Imagine if that had been the focus of the Gray Lady's Hong Kong team of Chris Buckley and Alan Wong. Chief executive Leung Chun-ying would have been given prominent placement to dismiss the Umbrella Movement protesters as outside agitators. Instead the Gray Lady focused her attention overwhelming on the police use of tear gas to clear protesters from Hong Kong government buildings, an incident that originated the Umbrella Movement to begin with (umbrellas to protect protesters from pepper spray and the sun).
So based on this report of the weekend protests in Berkeley it appears that the Gray Lady might be trimming back her advocacy of #Black Lives Matter. The protests are getting too broad and showing signs of continued life. Obama's diffident pronouncements regarding the edicts of the Mike Brown and Eric Garner grand juries are eroding his support among his last solid constituency, blacks. As Julia Hirschfeld Davis and Michael Shear note in "Unrest Over Race Is Testing Obama’s Legacy,"

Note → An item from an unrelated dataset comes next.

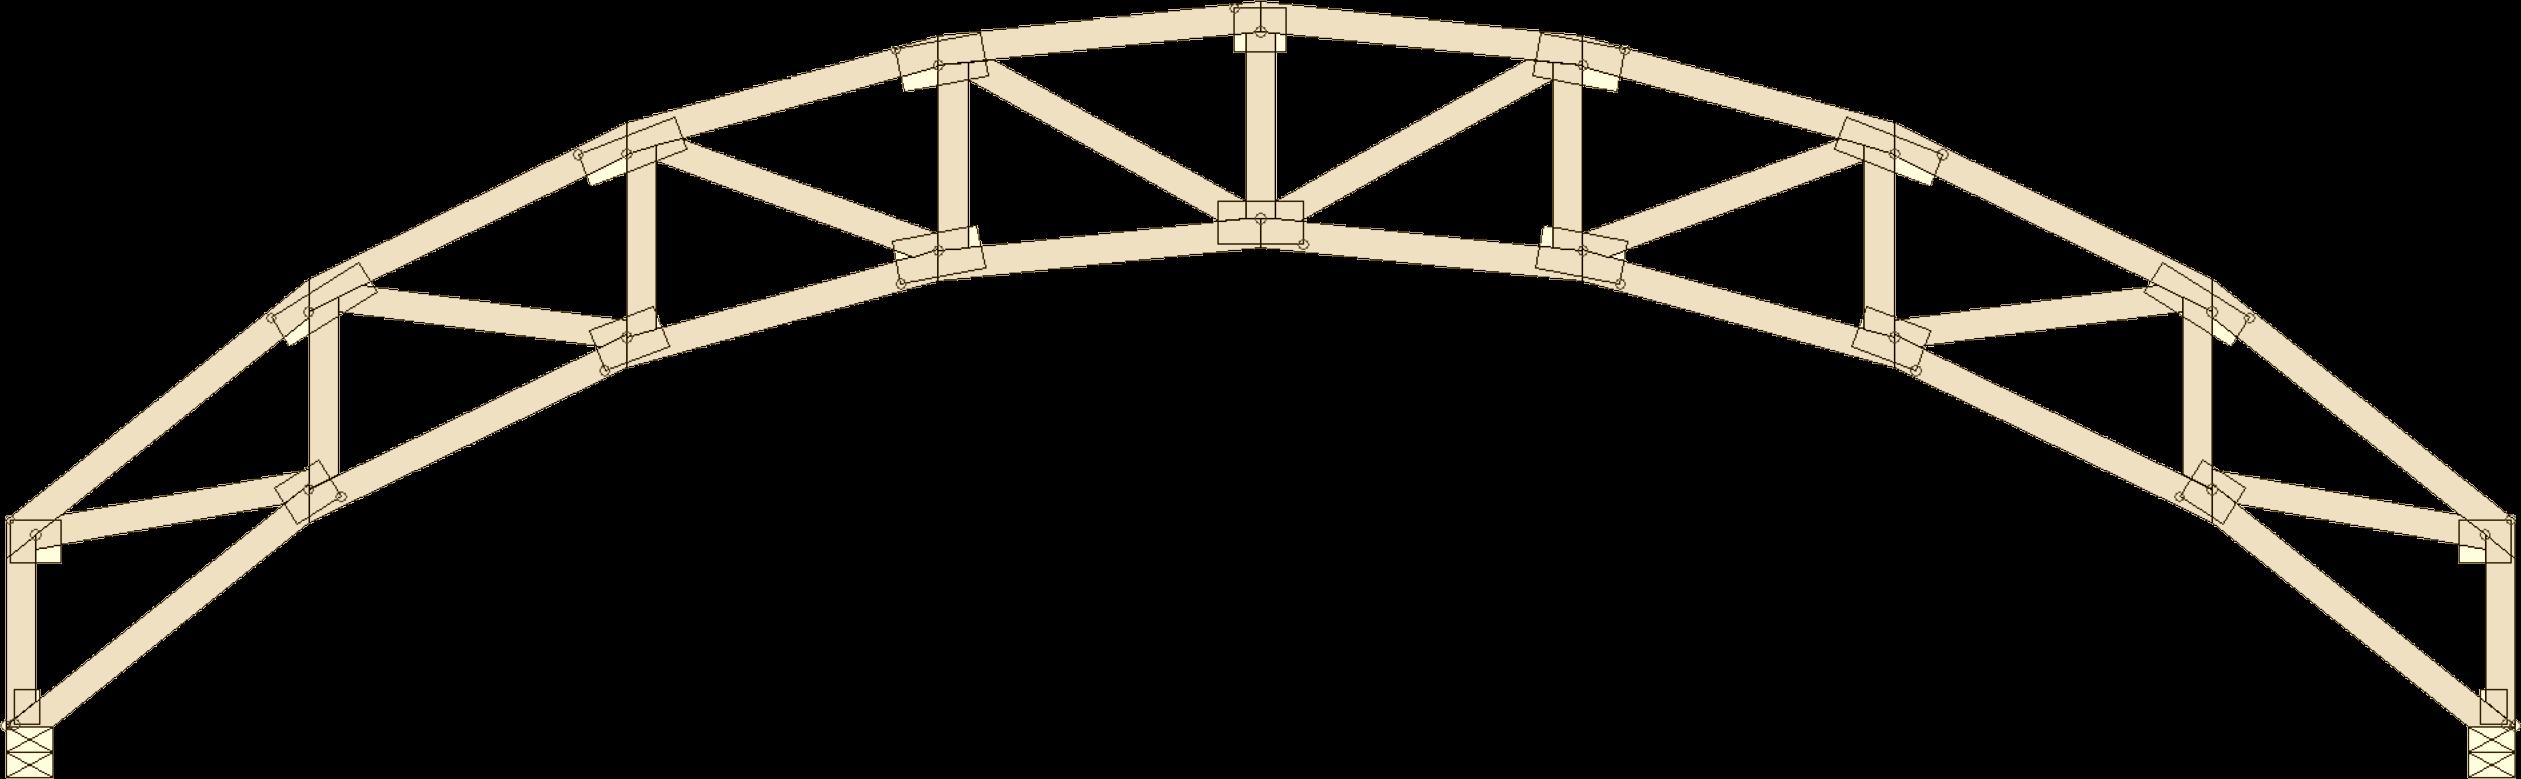 Pin scissor trusses on pinterest for Scissor roof truss prices

At this point, Mr. Obama’s response to Ferguson, Staten Island and the unrest across the country has diminished his image with important groups, according to new polling figures. Half the respondents in a Pew Research Center survey conducted Wednesday to Sunday disapproved of the president’s handling of race relations, compared with 40 percent who approved — a reversal from August, when 48 percent approved and 42 percent disapproved. While the majority of African-Americans still said the president had handled race relations well, support among them had dropped 16 points since polling in the summer.Charles Blow had a generally positive view of the #Black Lives Matter Movement in a column yesterday, "A New Age of Activism: From Eric Garner and Michael Brown to the Ballot Box," but he misses the mark when he directs the protesters to move to the voting booth:
Indeed some activists have already moved beyond chants for “change” and begun to develop sophisticated answers to the retort, “change what?”. The trick is to redirect the passions before they dissipate, to maintain momentum when the media attention fades, and to amplify raised voices with votes cast.

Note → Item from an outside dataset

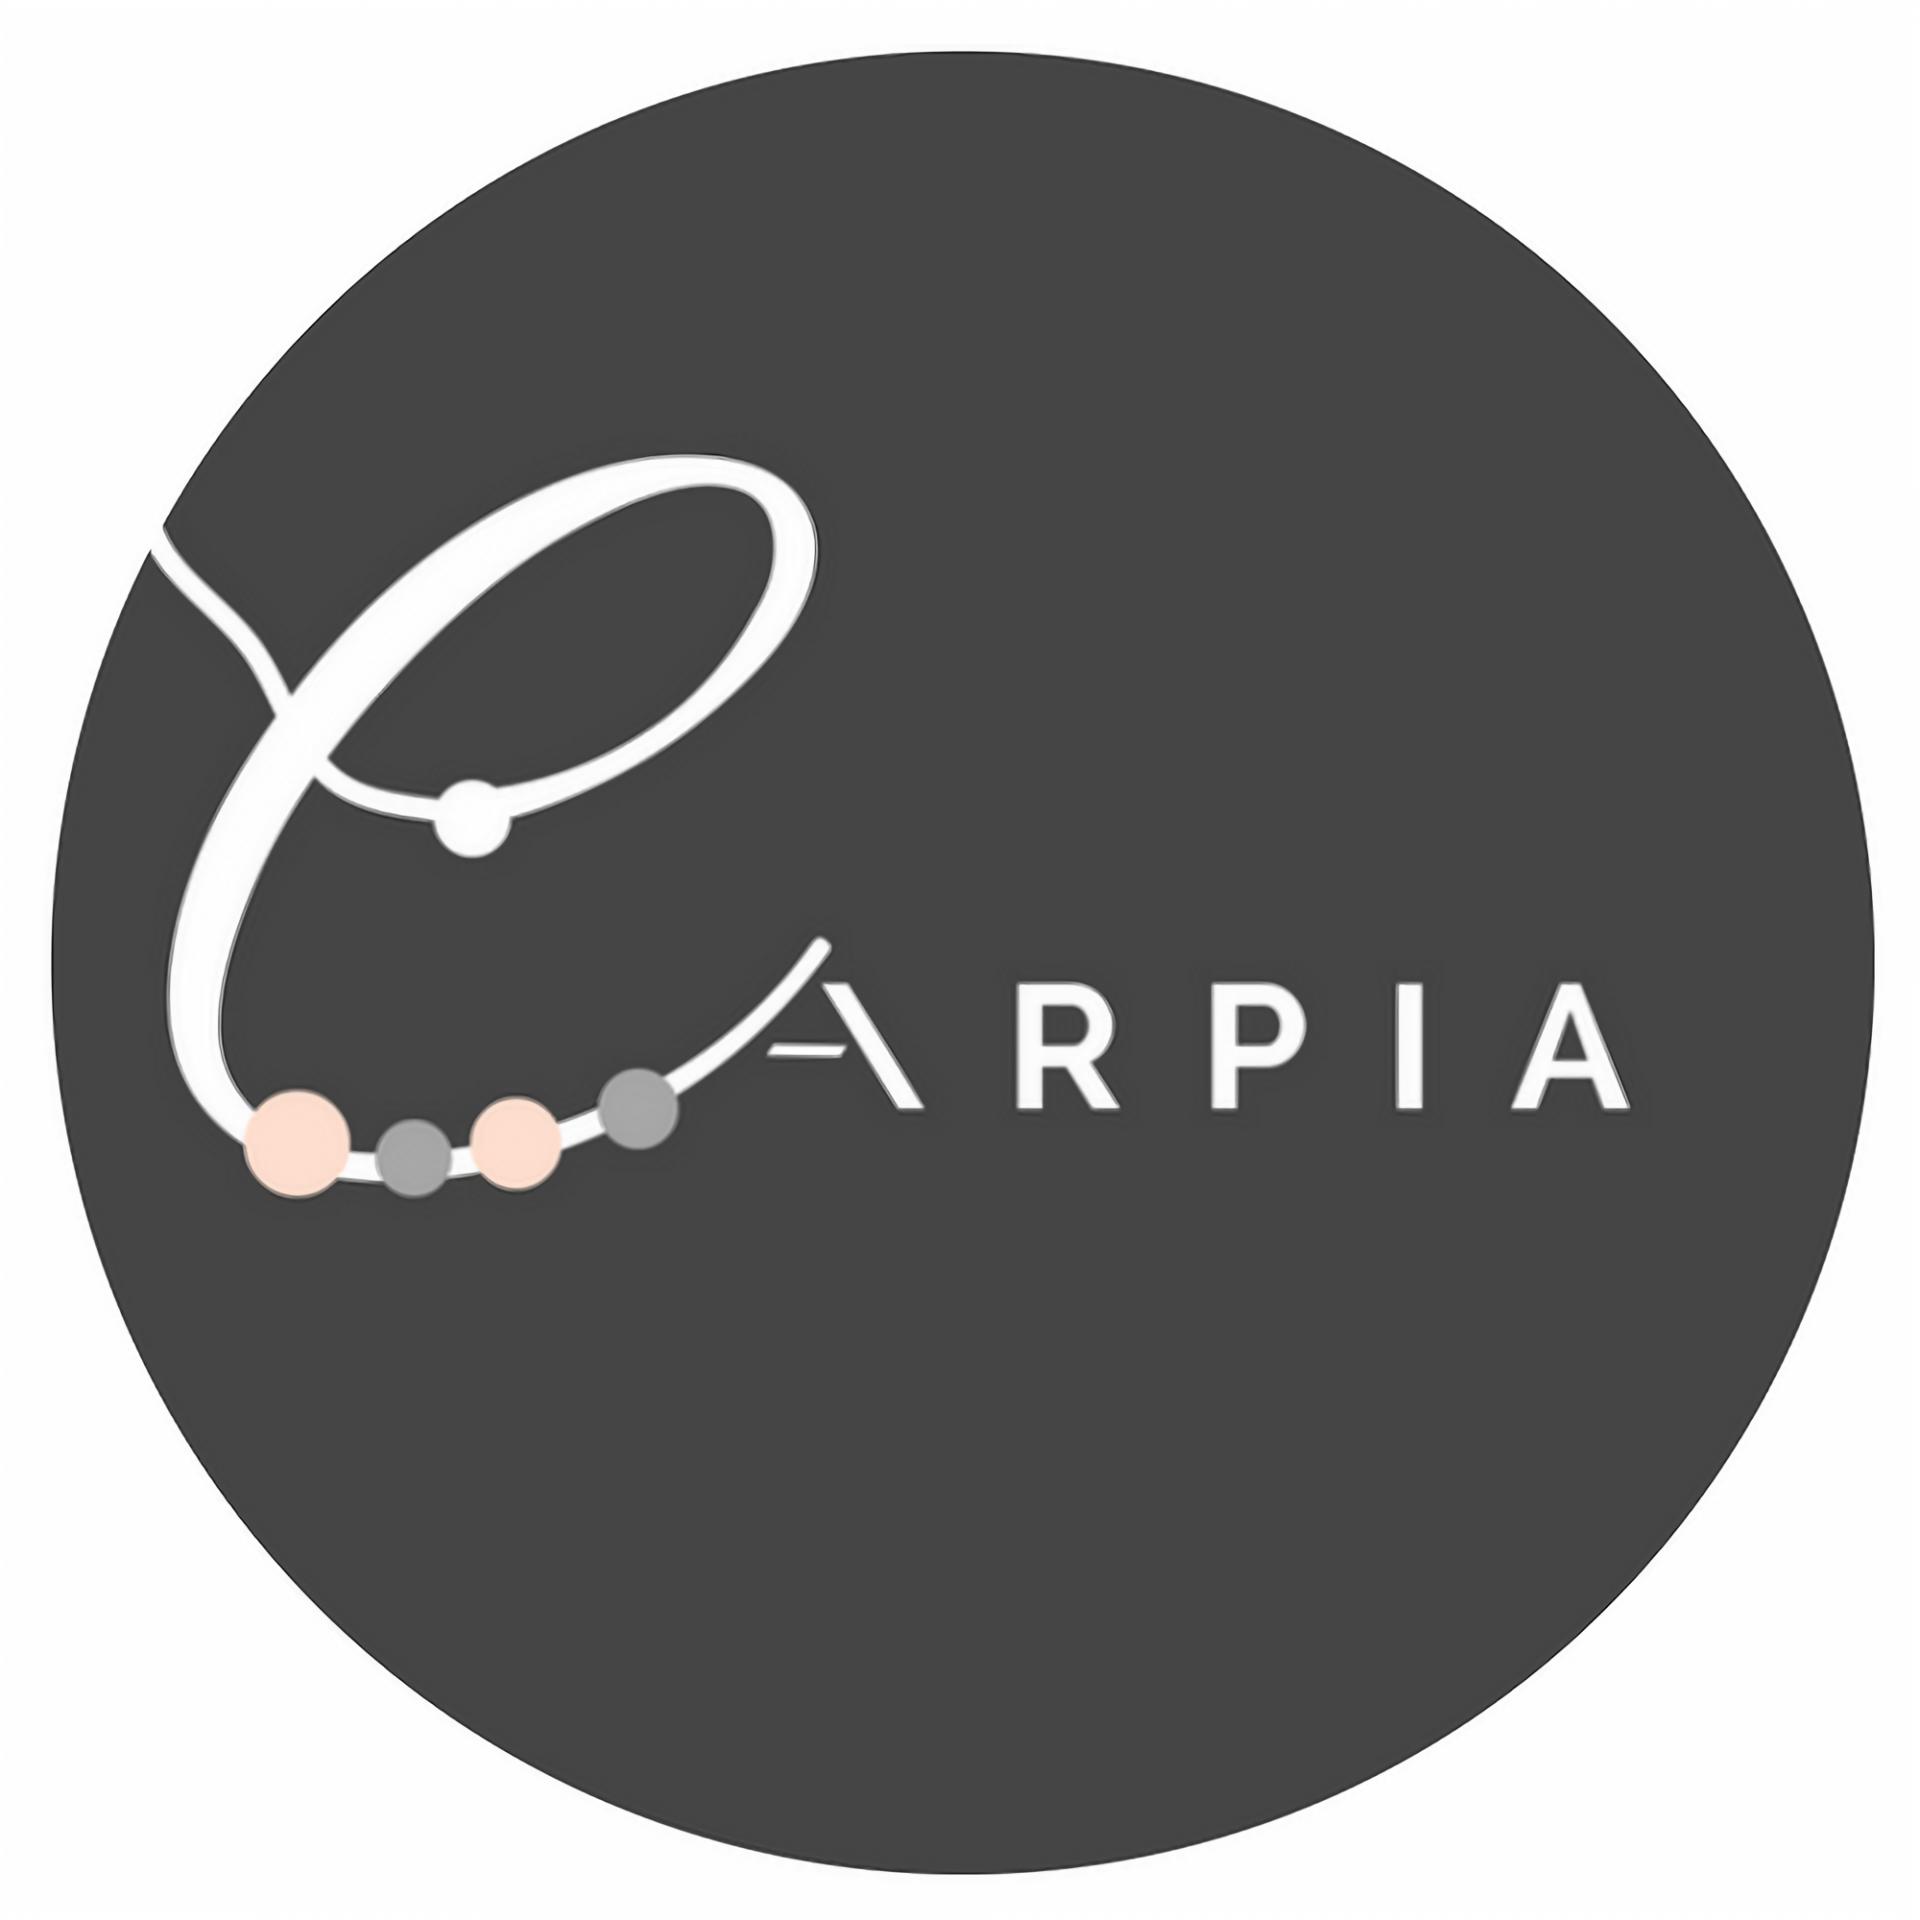 Carpia&MiniCarpia

I believe — because the optimist in me must — that votes will soon, somehow, follow the passion, that people will come to see marching not as a substitute for voting but a supplement to it, that more people will work to effect change inside the system as well as outside it.Blow should know that Obama's presidency itself is all the proof people need to know that voting does not deliver change. More is needed. Direct action must proceed the election of captive politicians. The #Black Lives Matter Movement knows this.